Buy analysts are confident that big banks can weather the storm, at least for now. This is because they were forced after the Great Recession to accumulate loss-absorbing capital for the next crisis.
For example, US Bancorp’s mortgage banking revenues tripled during the second quarter of the previous year.
Gangbusters neighborhood for Wall Street banks
While banks’ Main Street businesses stumble for the most part, the industry side of Wall Street is booming.
Morgan Stanley’s revenue increased 30% in the second quarter to a record $ 13.4 billion. Goldman Sachs increased revenue by 41%, the second best quarterly performance in the bank’s history.
Both companies are thriving on increased business activity.
Morgan Stanley’s business and sales revenue increased 68% from a year earlier due to “high customer activity”. Commercial fixed income revenues nearly tripled to $ 3 billion thanks to “strong activity in global capital markets.”
Similarly, Goldman’s fixed income business income peaked at nine years, while its variable income unit generated the most income in 11 years.
“There was a lot of volatility, and that’s good for business,” said Marinac.
It is not just that people trade more.
However, analysts, and even bankers themselves, warn that the growing income of investment banking is unsustainable. Eventually these trends will flatten out.

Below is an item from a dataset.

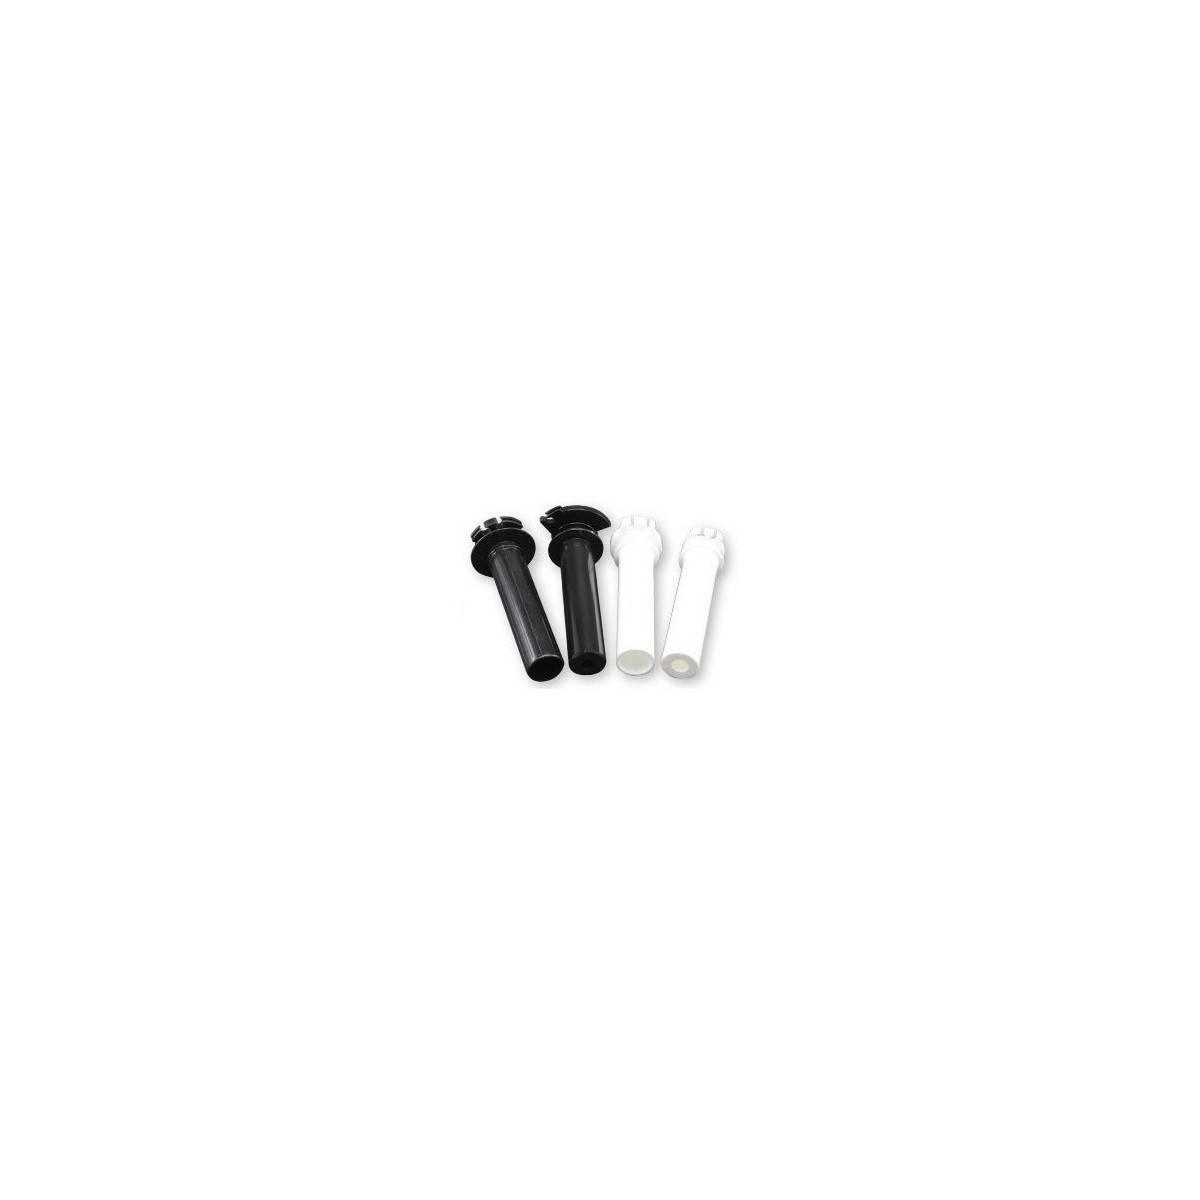 ZE45.8014 - Caña Gas Plastico Yzf25012 17 Yzf450 14 15 Rmz 250 07 17

Wall Street CEOs don’t trust V-shaped recovery
Bank executives, in stark contrast to the euphoria on Wall Street, gave a decidedly cautious tone this week.
“You will have a much murkier economic environment in the future than in May and June,” said JPMorgan CEO Jamie Dimon. “We are prepared for the worst case scenario. We just don’t know. I don’t think anyone knows.”
Wells Fargo chief Charlie Scharf simply said, “The economic recovery will not be easy.”
All of this suggests that the path ahead will be a challenge for large banks. Until the real economy recovers, banks will fight.